FERTILITY PROMOTING AND INHIBITING EFFECTS OF NEW STEROID HORMONAL SUBSTANCES

Author Affiliations

Los Angeles

From the departments of medicine and obstetrics and gynecology, University of California at Los Angeles School of Medicine; the Los Angeles planned Parenthood Centers, and the Tyler Clinic.

JAMA. 1959;169(16):1843-1854. doi:10.1001/jama.1959.03000330015003
Abstract

Synthetic, orally active substances with effects resembling those of progesterone have become available.
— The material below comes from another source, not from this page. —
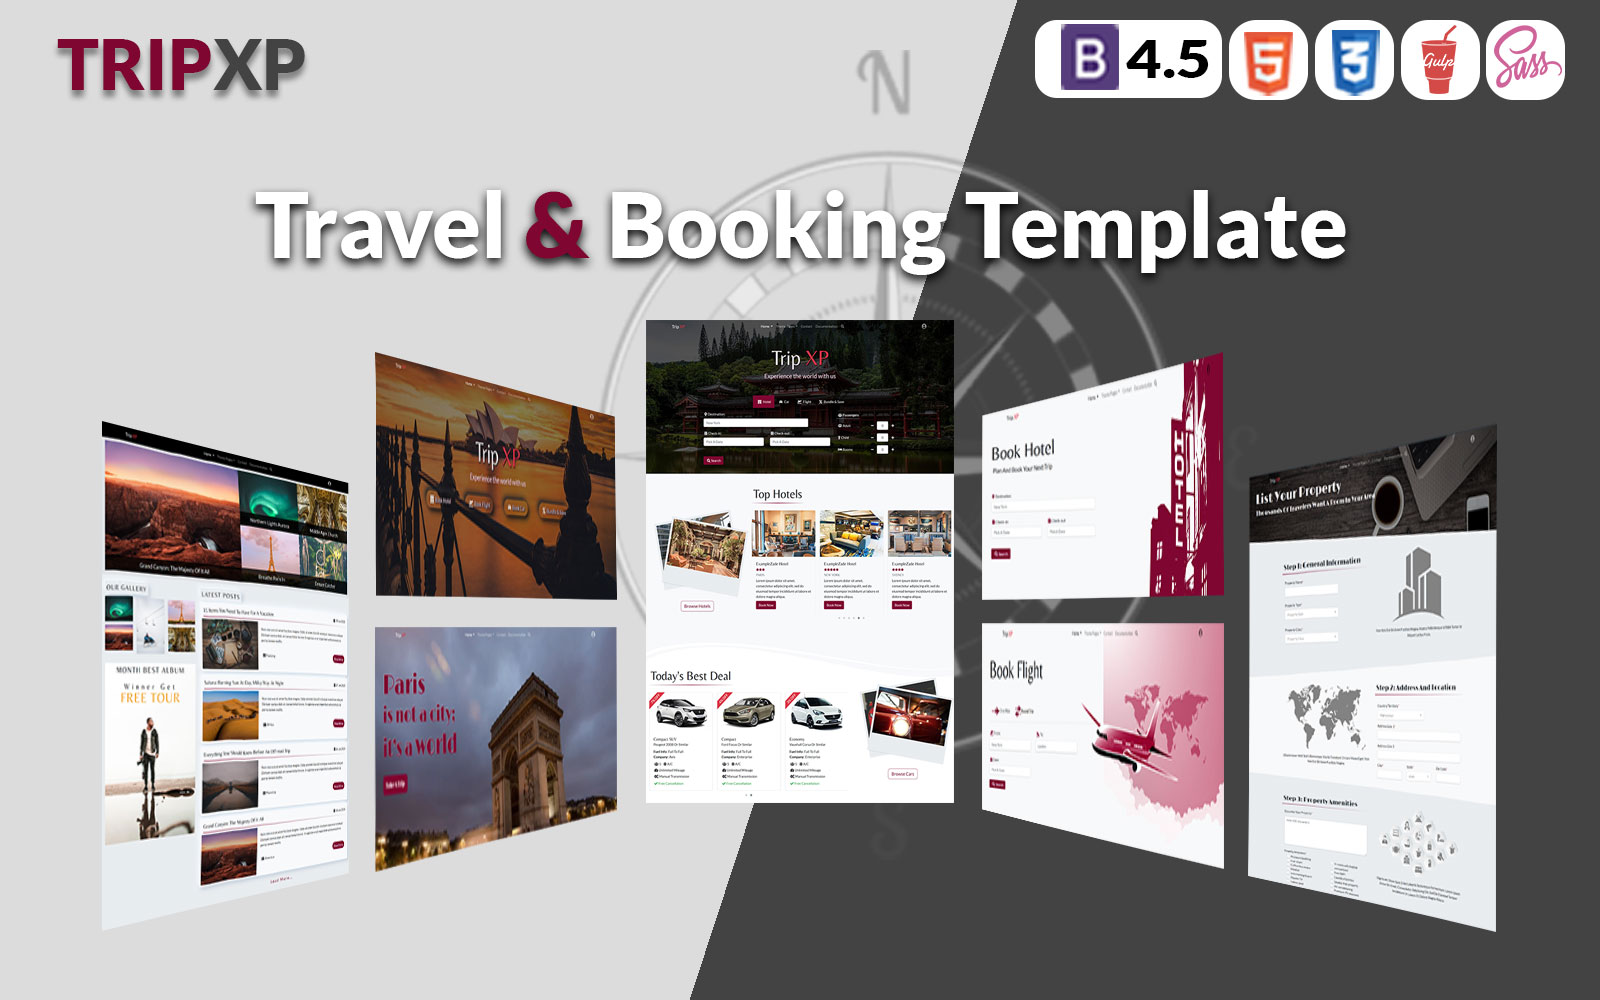 Trip XP - Bootstrap Travel and Booking Website Template

They differ not only in dosage but also in the details of their action on various organs. Their double effect in preparing the uterus for nidation and suspending ovulation should make them useful in both the positive and the negative aspects of planned parenthood. The antifertility action has been tested by 715 patients using five different preparations. After exclusion of imperfect data there remained observations on 3,082 months of therapy with 22 pregnancies, giving a pregnancy rate of 8.6% as compared with about 4% for other contraceptive measures. Both unfavorable and favorable side-effects were reported. The use of progestational drugs in this way depends not on local but on systemic actions, the extent of which has not been completely determined. Nevertheless, it suggests a relatively simple form of family planning in addition to other important uses in gynecology and obstetrics.